To address the aforementioned challenges in automatically classifying breast cancer pathology images, this paper presents an approach based on Convolutional Neural Networks (CNNs) and image processing, constructing a ResNet (Residual Network) model. The breast tissue pathology image dataset used in this model is sourced from Kaggle. Various techniques, including max-pooling, dropout, fully connected layers, and binary cross-entropy loss functions, are used to better shape the feature extraction process, enabling the recognition and classification of positive and negative breast ductal carcinoma in situ (DCIS) with significantly higher accuracy compared to previous algorithmic models. This model holds potential assistance in the early diagnosis and treatment of breast cancer.

2. Previous Works

The detection of tumor markers is an important means of early detection of breast cancer. Like protein, or genetic variation. Tumor marker is an active component synthesized and secreted by cancer cells at the stage of growth and proliferation. Once this material accumulates to a certain extent, it will change.Extracted from the breast image. Methods like Scale-Invariant Feature Transform (SIFT) or Histogram of Oriented Gradients (HOG) can identify early features of breast cancer, providing support for early diagnosis. However, this approach has some notable limitations. Firstly, it exhibits limited universality; for instance, common tumor markers like AFP lack specificity, making it difficult to accurately locate the affected area. Secondly, it demands substantial time and resource costs, especially in the case of gene mutation testing, which involves intricate steps and significant expenses. In contrast, image processing techniques, by recognizing and classifying pathological images, can accurately pinpoint affected areas. Moreover, these techniques are characterized by speed and high applicability, making them well-suited for early breast cancer diagnosis needs.

The combination of enhanced learning and image analysis technology can effectively reduce the over-reliance on human medical practice.The image processing technology is used to analyze the data of the 2D layer, and the reinforcement learning technology is used to enhance the data. Through the evaluation of each separate 2D slice, the best decision-making strategy can be determined.The diagnostic value of complete cross-section of 2D lesions. Through the analysis and processing of 2D cross-sectional images, the segmentation and extraction of breast tissue, surrounding soft tissue and lesions, as well as 3D reconstruction and 3D display were realized. On this basis, the reinforcement learning method was used to quantitatively analyze the focus and peripheral breast, and the repeated learning method was used to complete it. [10]. Historically, At present, the research on digital lesion image processing mostly focuses on color standardization, kernel segmentation and feature extraction of the underlying image. Then, traditional learning methods, such as regression, support vector machine(SVM) and so on, were employed to build classification models. These algorithms typically require a relatively small set of image features, around 10 in number. Below, we provide an introduction and comparison of some conventional models and elaborate on the rationale for choosing the CNN model [11].

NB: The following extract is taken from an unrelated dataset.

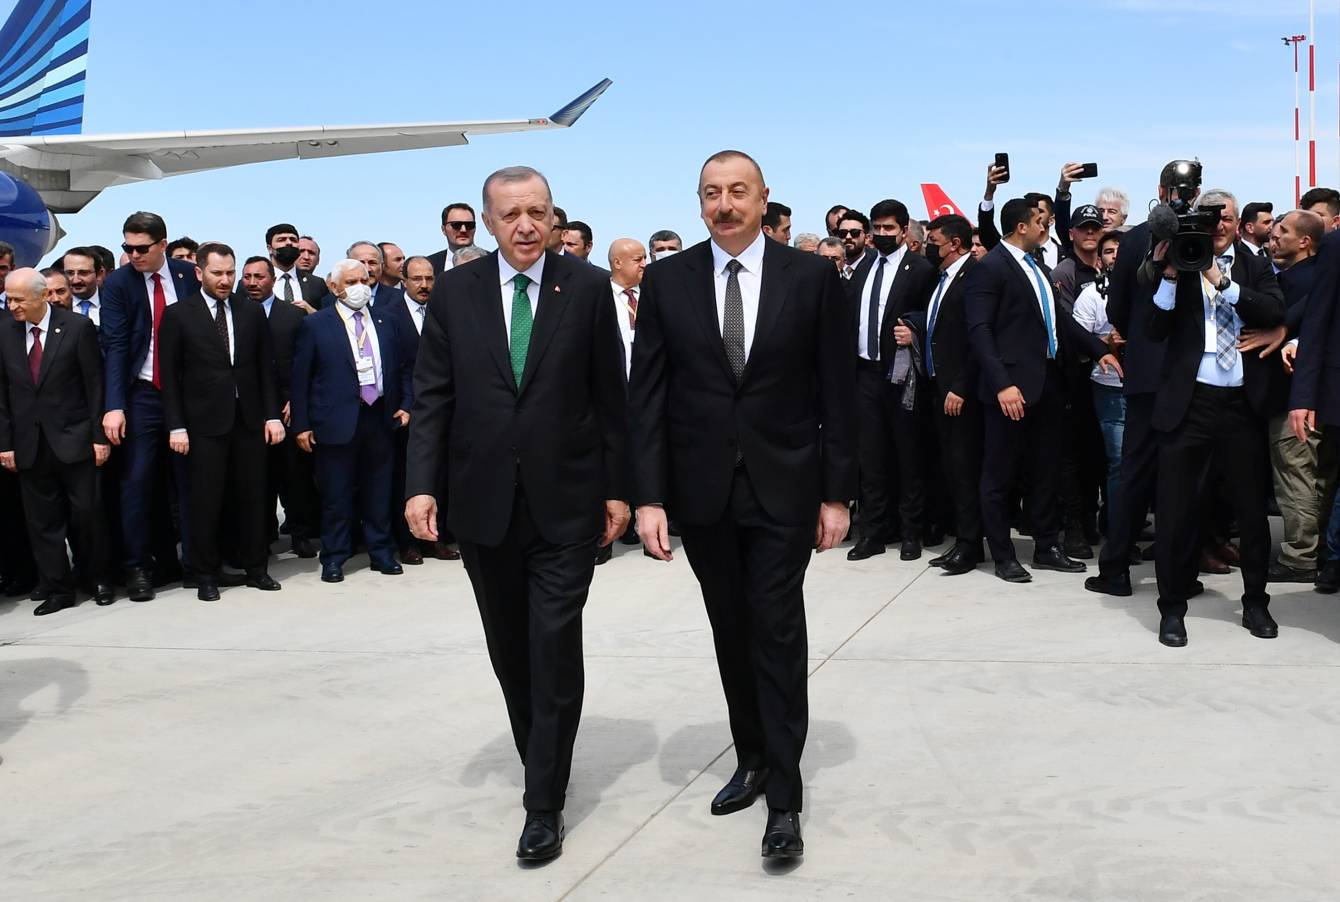 Azərbaycan və Türkiyə prezidentləri Ankaranın Esenboğa Hava Limanında GÖRÜŞDÜLƏR
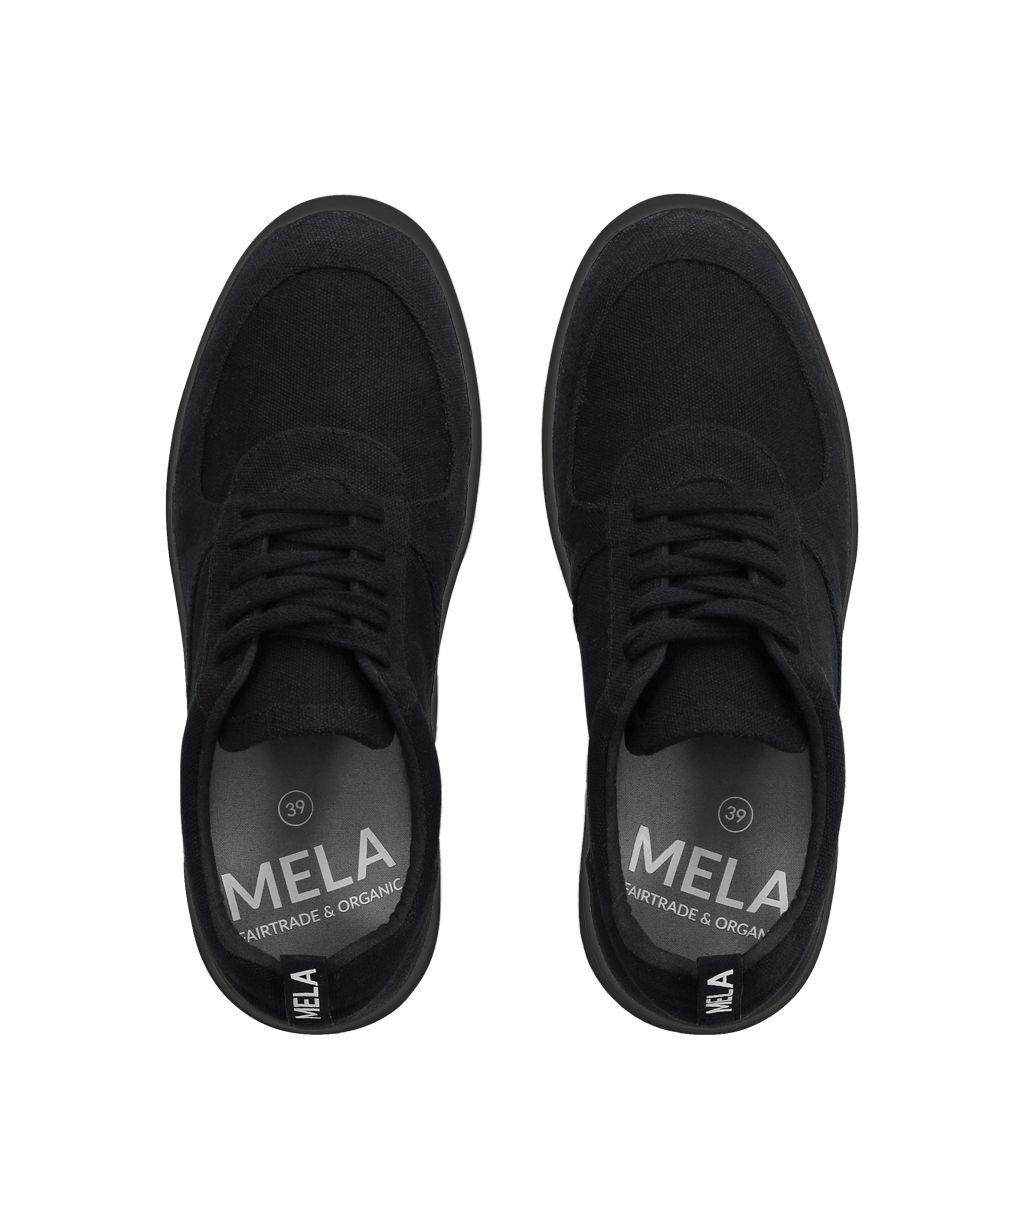 Mela Sneaker Herren black/black 45

2.1. Linear Regression Model

Regression analysis is an important traditional method for studying relationships between variables, especially before the rise of deep learning and machine learning. Regression analysis has been a fundamental approach to exploring the relationships between variables [12]. In practical applications, linear regression analysis, while simple and effective, is prone to misuse due to a lack of full awareness of its limitations and considerations, leading to inaccurate or even contradictory conclusions. Not all phenomena can be accurately described by linear relationships.

2.2. SVM Model

SVM models can be applied to common classification and regression problems, with low generalization error, strong learning capabilities, and good generalization of results. Additionally, SVM models can address machine learning problems in small sample cases, perform well in high-dimensional scenarios, and avoid the issues of neural network structure selection and local minimums. SVM stands as one of the best ready-made classifiers, meaning it can be directly used without modification. It can also provide low error rates for classifying data points outside the training set. However, if the number of features is larger than the sample size, the performance of SVM will become very bad, and the algorithm can not directly give a costly interactive confirmation algorithm. [13].

2.3. Random Forest Model

A random forest is a collection of several trees, and its result is determined according to most classes in each tree. The random forest model has many advantages, such as strong performance on datasets, resistance to overfitting due to the introduction of two sources of randomness, and adaptability to high-dimensional data without the need for feature selection. It can handle both discrete and continuous data, does not require data normalization, and offers good noise resistance among many other benefits [14]. However, it also has some disadvantages. For instance, in datasets with significant noise, the random forest model can be prone to overfitting. Features with a large number of value divisions can have a greater impact on RF decision making, affecting model fitting effectiveness [15].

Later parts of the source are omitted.